31/05/2006

Bernard Anselme et moi

Je n'aime pas du tout Bernard Anselme, le bourgmestre de Namur. Et quand je dis "pas du tout", je suis très en dessous de la réalité, croyez-moi sur parole. La petite histoire que je vais vous raconter date de deux mois, quand je suis allé lui présenter un projet sur lequel j'avais bossé avec une collègue. Avant tout, je précise que l'idée (elle ne venait pas de moi) a été retenue et que mon dégoût total pour le personnage n'émane absolument pas d'une frustration quelconque. Voilà qui est dit.

Bedonnant comme les otaries du PS oldschool (Van Cau, Carriat, la racaille quoi), Anselme arriva en retard comme il se doit, salua le chapelet d'échevins et nous-même de son plus horrible sourire politicien. S'asseillant, il décida que nous pouvions commencer, ce que nous fîmes avant qu'il ne se lève et se casse de la pièce, l'index levé, comme s'il essayait de nous faire comprendre quelque chose, qu'il revenait tout de suite et en silence, qu'il s'agissait d'une question de vie ou de mort, difficile à dire. Finalement, il est revenu très vite, trente secondes plus tard pas plus, exhibant fièrement un gros cendrier très lourd, un cendrier de bourgmestre.
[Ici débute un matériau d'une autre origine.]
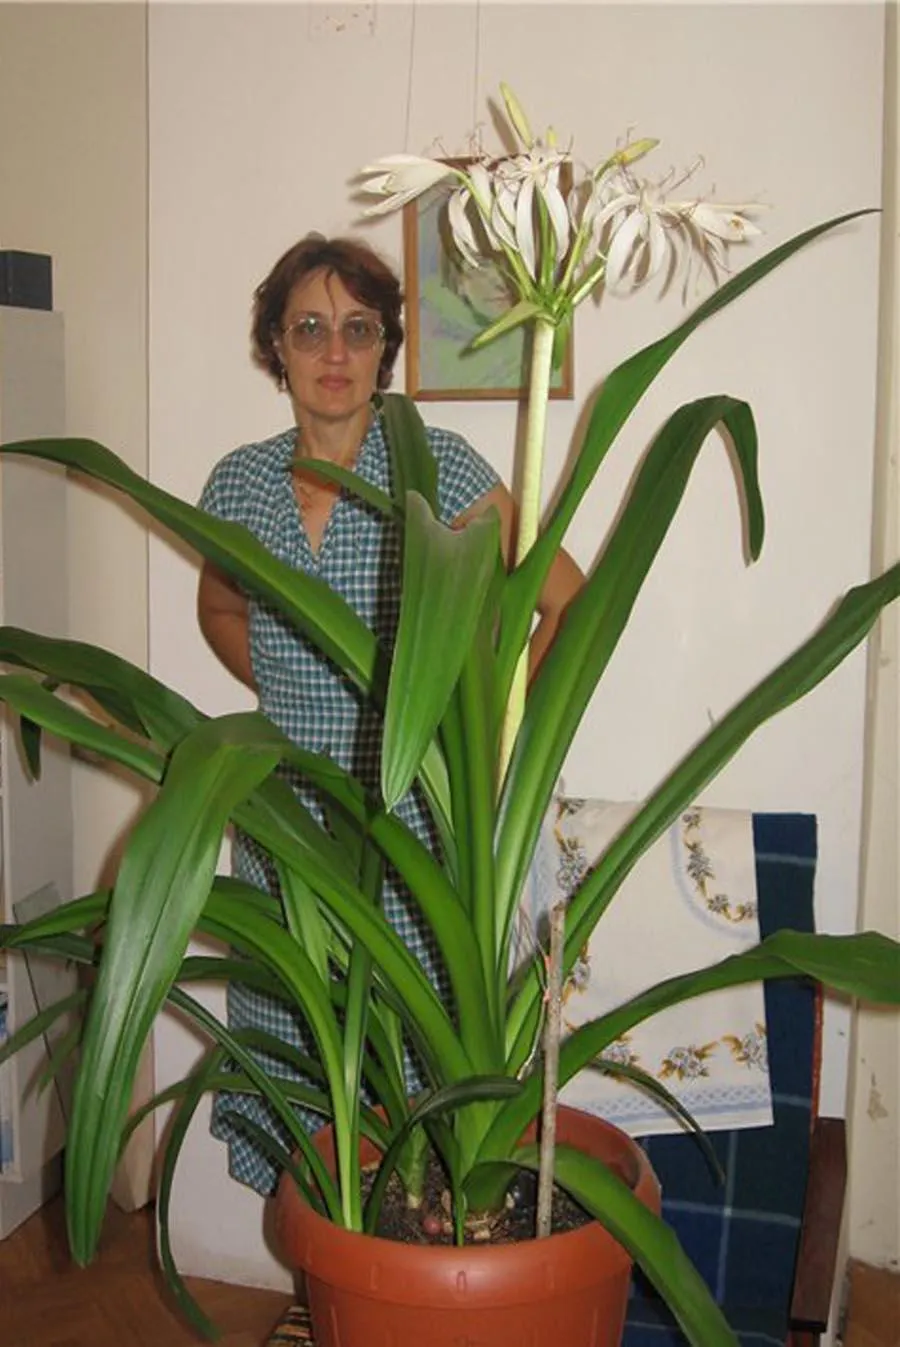 Орхидеи с длинными узкими листьями фото и название

Nous parlions et notre gros bonhomme rougeaux, lui, fumait à pleins poumons, soufflant très fort, visiblement satisfait par ses effets de fumée. Il s'alluma dans les 3 clopes le quart d'heure, deux mois à peine après que la nouvelle législation sur le tabagisme dans les bureaux ait été mise en application.

Quand on a eu fini de lui exposer nos idées, il commença par couper la parole à son échevin des travaux publiques pour lâcher une phrase qui allait devenir SA phrase : "Bon, moi je ne sais rien hein, je réfléchis tout haut là, ...", phrase qu'il allait resortir une bonne dizaine de fois sur la demi heure de discussion.
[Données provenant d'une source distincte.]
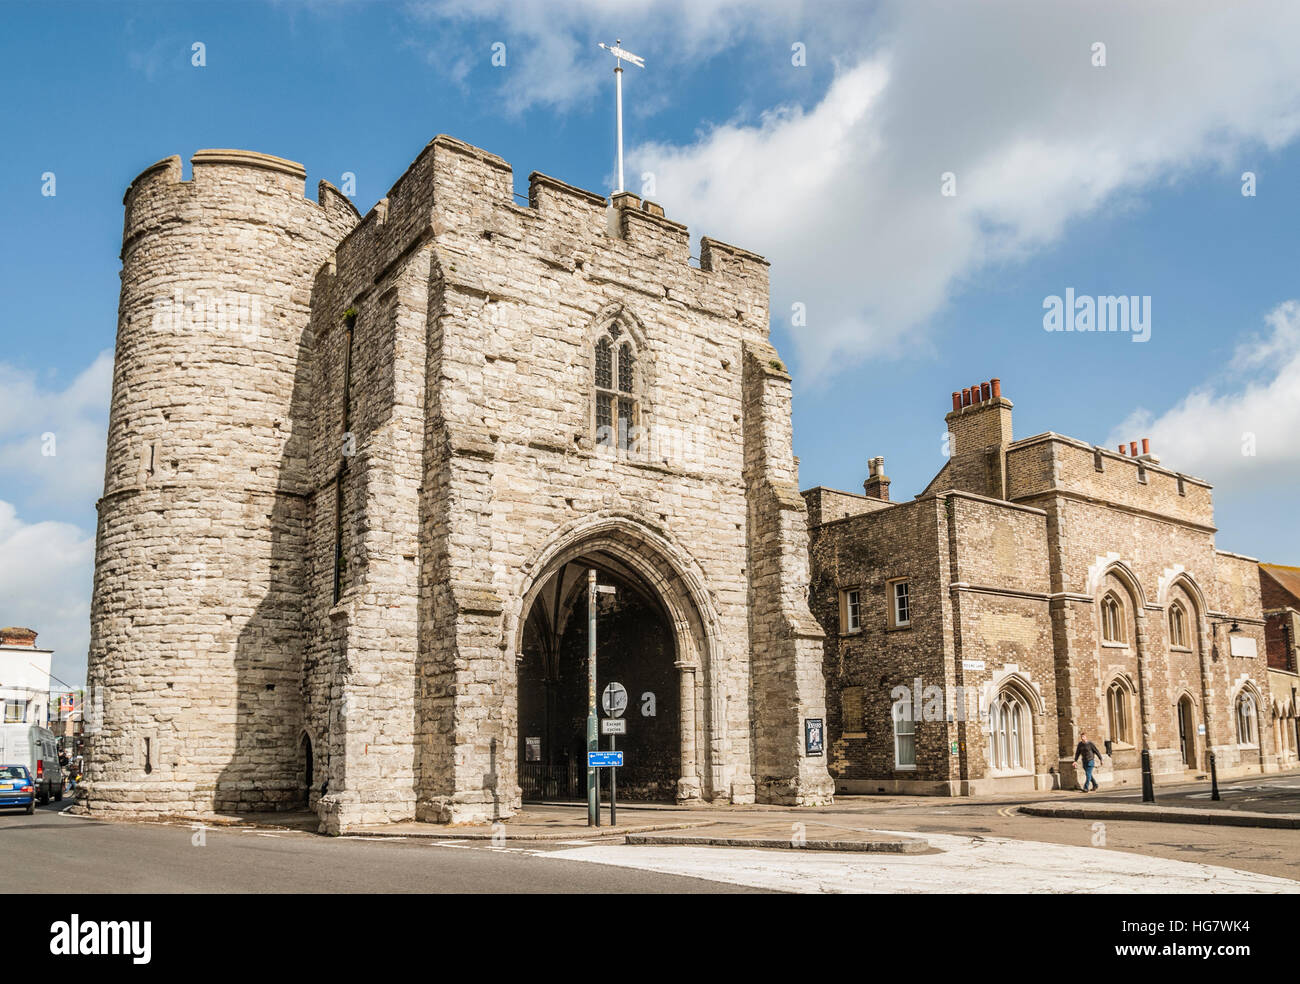 Das Westgate, ein mittelalterliches Torhaus in Canterbury, Kent, England Stockfoto

Anselme, c'est l'archétype du mec qui a enfin obtenu ce qu'il a toujours désiré, son poste de bourgmestre. Depuis lors, chaque seconde que ses artères obstruées lui accordent généreusement sont tout simplement les plus belles de sa petite existence d'homme important ! On pourrait penser que ses ambitions sont dès lors bien rangées derrière lui, dans le passé, et bien non, pas du tout, il lui en reste une ! Celle d'écrire son nom - que dis-je - de le graver à jamais dans les pierres de Namur. Comment ? En bâtissant un nouveau parlement wallon pardi ! Je ne peux pas m'étendre sur le sujet mais nous en reparlerons bientôt, je vous le promets. Ce qu'il faut savoir, c'est qu'Anselme tient plus que tout à son parlement et que, quand j'ai émis l'idée d'utiliser cet espace pour un projet plus utile et plus proche des Namurois, sa réponse, pour une fois, sortit d'elle-même : "Une esplanade pour accueillir les foules et organiser des événements ? (Anselme est lent, donc il répète souvent la dernière phrase entendue) Il ne faudrait quand même pas que l'esplanade serve de lieu de rendez-vous à tout ceux qui veulent manifester contre mon parlement !. Je jure sur le string blanc de mon chat noir que je n'ajoute pas un mot aux siens, ceci est blog sérieux, vous savez bien.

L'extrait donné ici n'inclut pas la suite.